There is one darling mini called Caladium humboltii 'Marcel'. It never gets bigger than three inches! It is an accident from tissue culture and cannot be propagated except by division. After years of trying to find it I am now growing it and slowly propagating it. Attached is a photo of it growing in our 125 and that is Selaginella in the top of the picture. (I wish I could rename the photo in my gallery appropriately.) Cheers, Robert

http://www.dendroboard.com/forum/gallery/data/500/0031.jpg


----------



## candm519 (Oct 15, 2006)

SeaDuck, that is a real winner! Put me on your list...


----------



## Jeremiah (Mar 1, 2008)

Ann,
Their gorgous! I gotta get me some for my future tanks.


----------



## Corpus Callosum (Apr 7, 2007)

Anne, the flat one is stunning.


----------



## candm519 (Oct 15, 2006)

That 'flat red one' is one of the tiny ones, front row left, in my first picture. ("Neo 114") And once I put it outside, the flat leaves grew bigger, curved, firmed, brightened, and shinied up.

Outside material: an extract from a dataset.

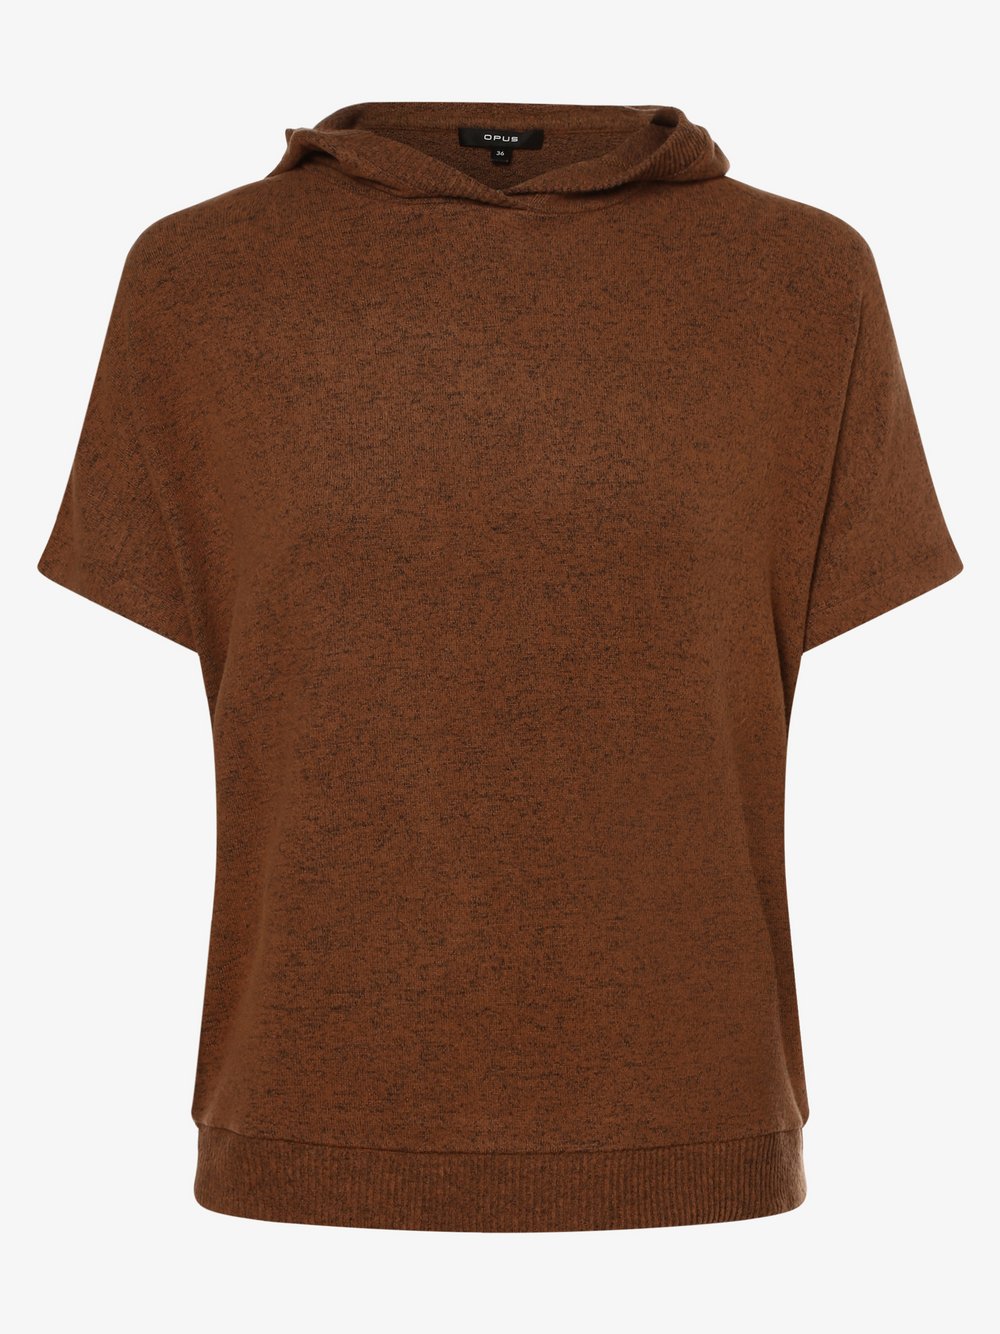 Opus - Koszulka damska – Gubine, brązowy

Since I had to move all 5 plants outside because of lack of room inside, we still don't know if Thai tubers take resting periods even grown under fluorescents.
I'm planning, if/when leaves wilt outside, to call that a rest, bring the tubers back in to moist sphagnum and see if they recognize the eternal spring of fluorescents to rise again. This might give a hint.
My sister, who has had her three outside for most of the summer, will overwinter them (left in the pot) in her nonfreezing garage, the more traditional (if slightly lazier) method common for the larger caladiums.


----------